Just some observations...

Corey McCormick
CITGO Petroleum
corey@xxxxxxxxx



 -----Original Message-----
From:   Rick Walker [mailto:walker@xxxxxxxxxxxxxxxxx]
Sent:   Wednesday, April 19, 2000 6:58 PM
To:     stds-802-3-hssg@xxxxxxxx
Subject:        Re: 850 nm solutions



> Jim Tatum writes:
> But why does it matter? Why limit the users? Why not put in the table.

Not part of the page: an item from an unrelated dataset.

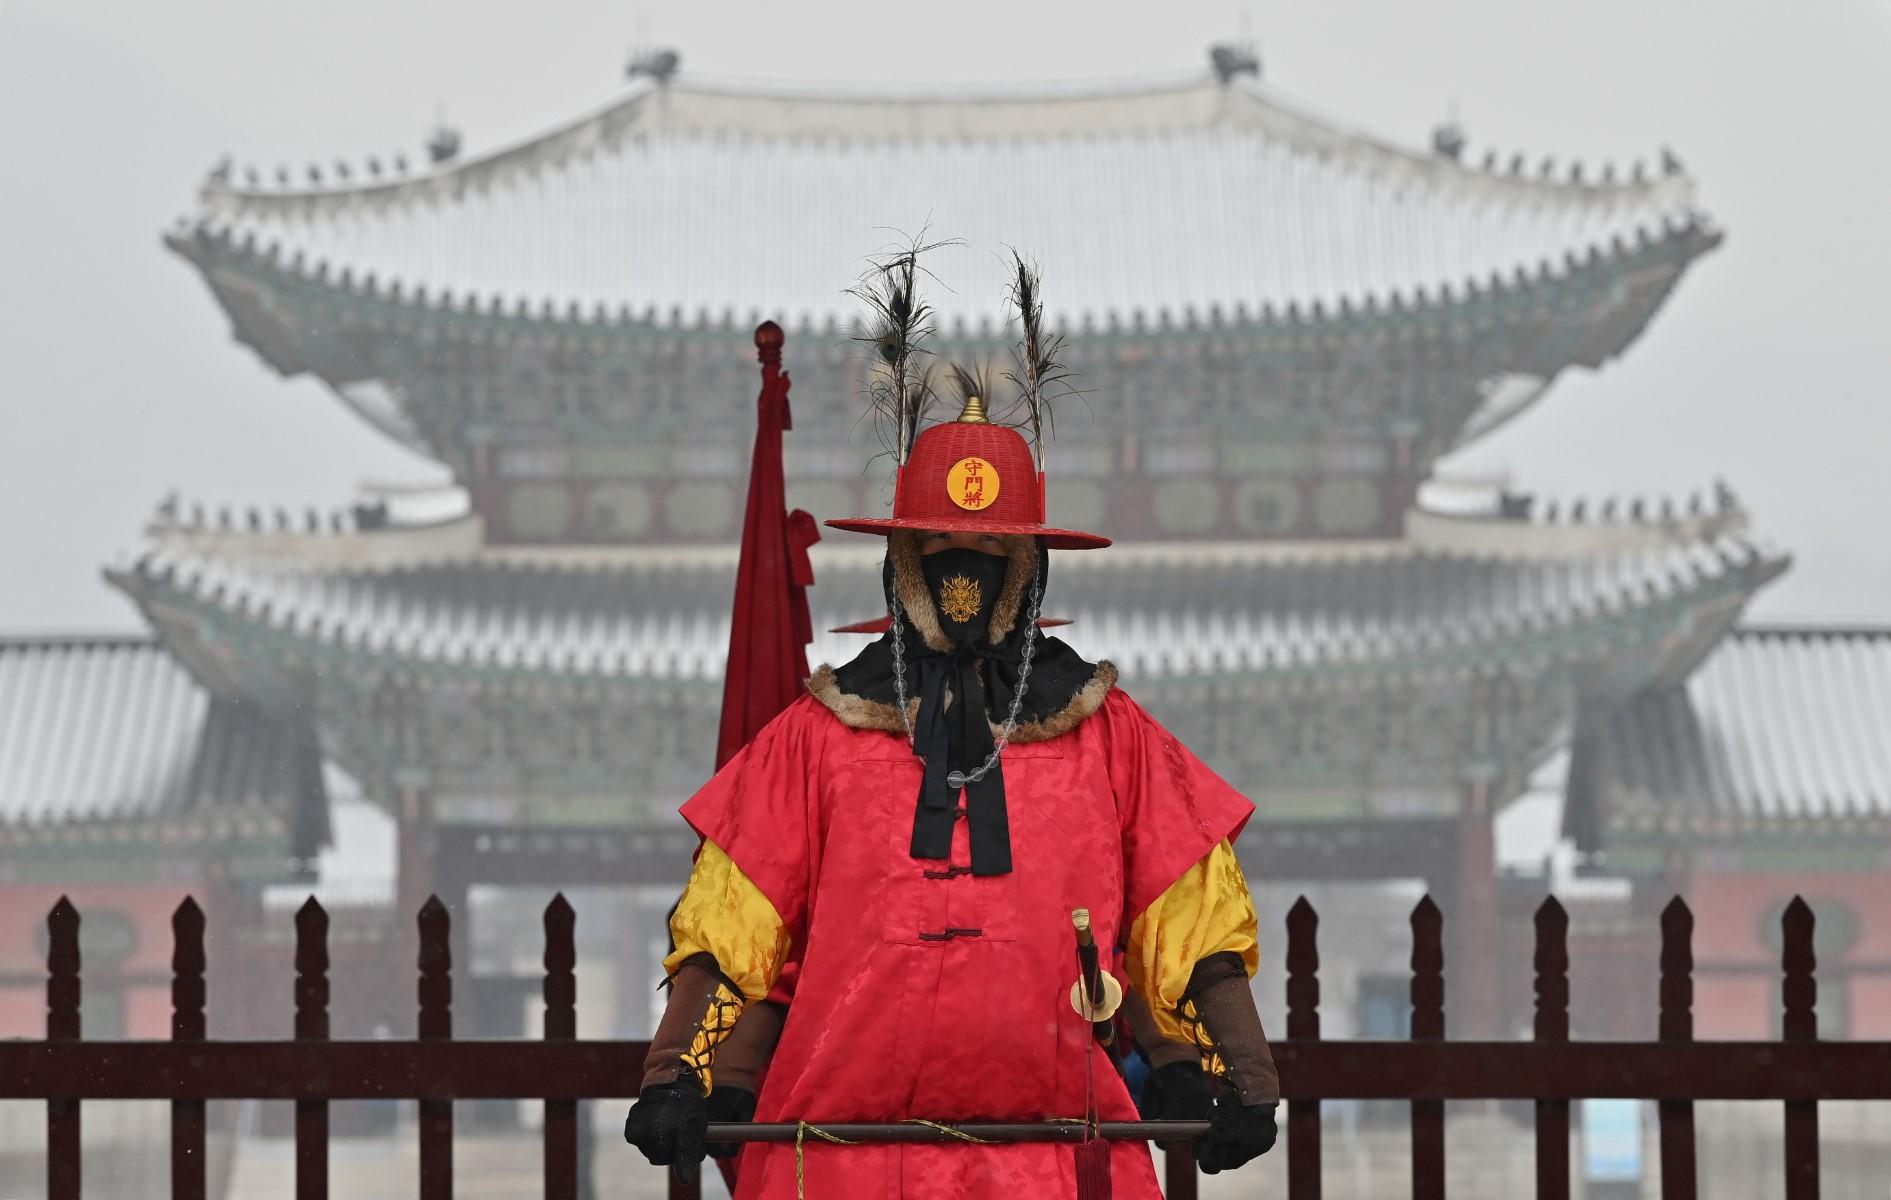 A 'palace guard' stands for tourists in front of the snow-covered Gyeongbokgung Palace in central Seoul on Jan 19. Photo: AFP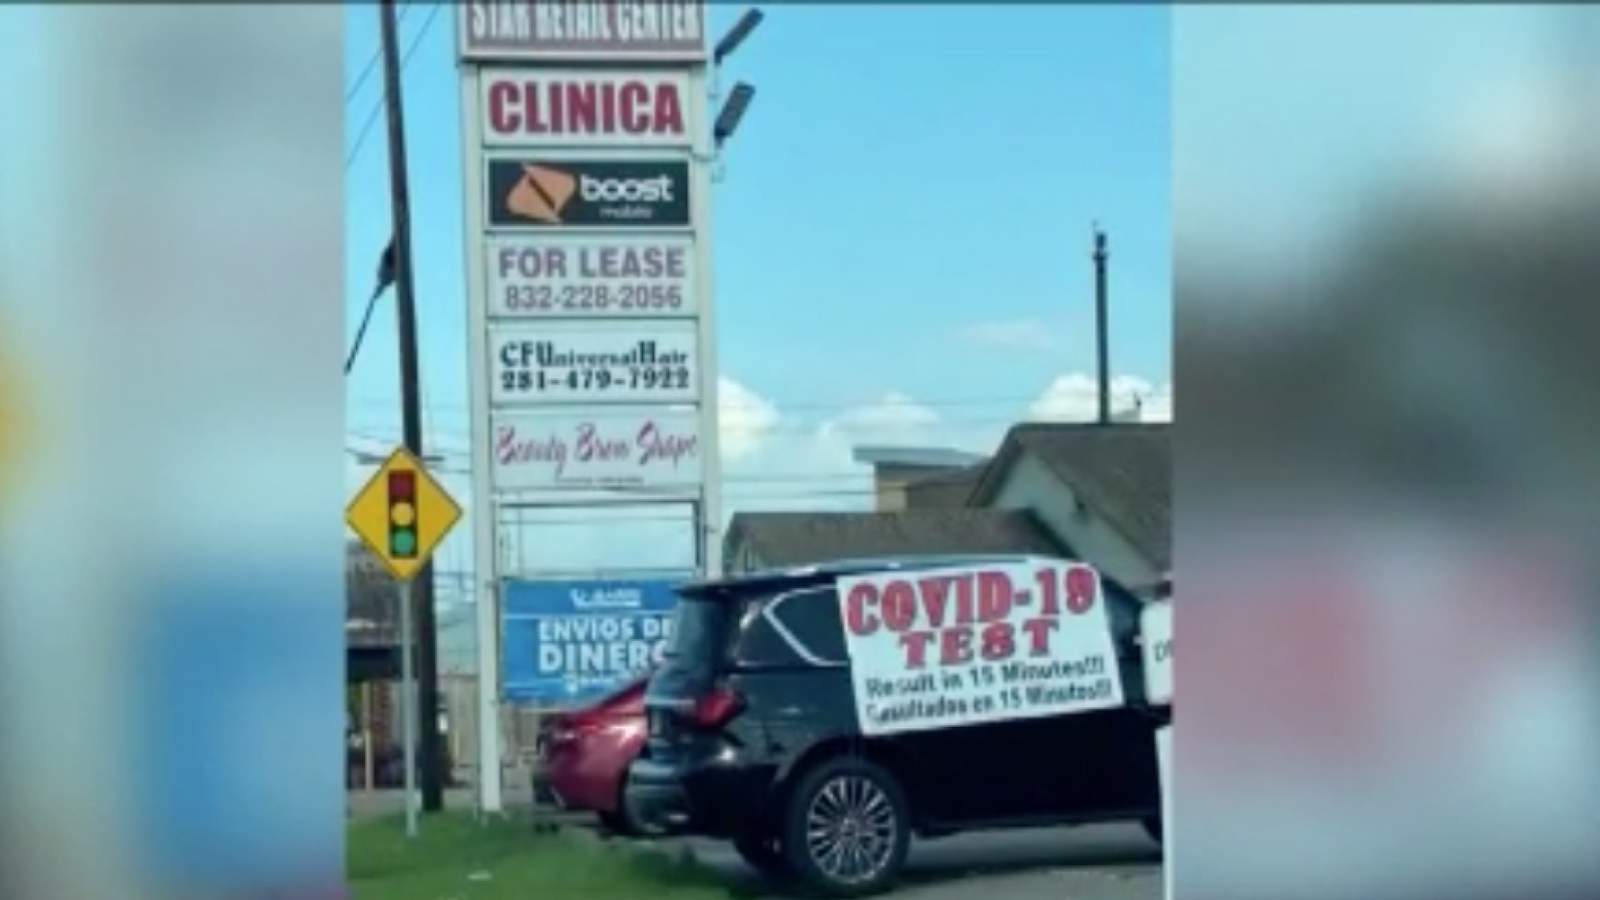 Customers that took misleading COVID-19 test at now-closed Houston area clinic upset with ‘scheme’

It
> costs nothing.  Just put in what the model and data tell us to.  It is
> my opinion that a large percentage of 10GB style links are going to be
> very short, less than 10m.  If you look at the way many fiber ports
> are being used today, many are in the 10m range.  Also, since copper
> cables are going to be EXTREMELY challanged to go that distance at
> 10GB, why not let the market choose the lowest cost solution using
> 850nm VCSELs and 62.5um fiber?

FWIW, I agree that 10G across CAT-6 or other twisted pair would be very
difficult.  However 10G across coaxial cable is fairly easy.  It can be
done with 0.1" diameter coaxial cable using simple NRZ data encoding.  A
simple FIR pre-equalizer can double this distance.  Without a doubt
copper would be the cheapest solution for links under 10M.  I would
estimate a mature chipset price of about $50 per end and $15 for the
cable.

This performance was demonstrated in 1998 using a 25GHz bipolar chipset.
See: Walker, R. C., K. Hsieh, T. A. Knotts and C. Yen, "A 10Gb/s
Si-Bipolar TX/RX Chipset for Computer Data Transmission" , ISSCC Digest
of Technical Papers 41(February 1998), 302,303,450.

A Copper PHY was voted down by the committee because it was thought that
there was no market for this type of low-cost short distance link.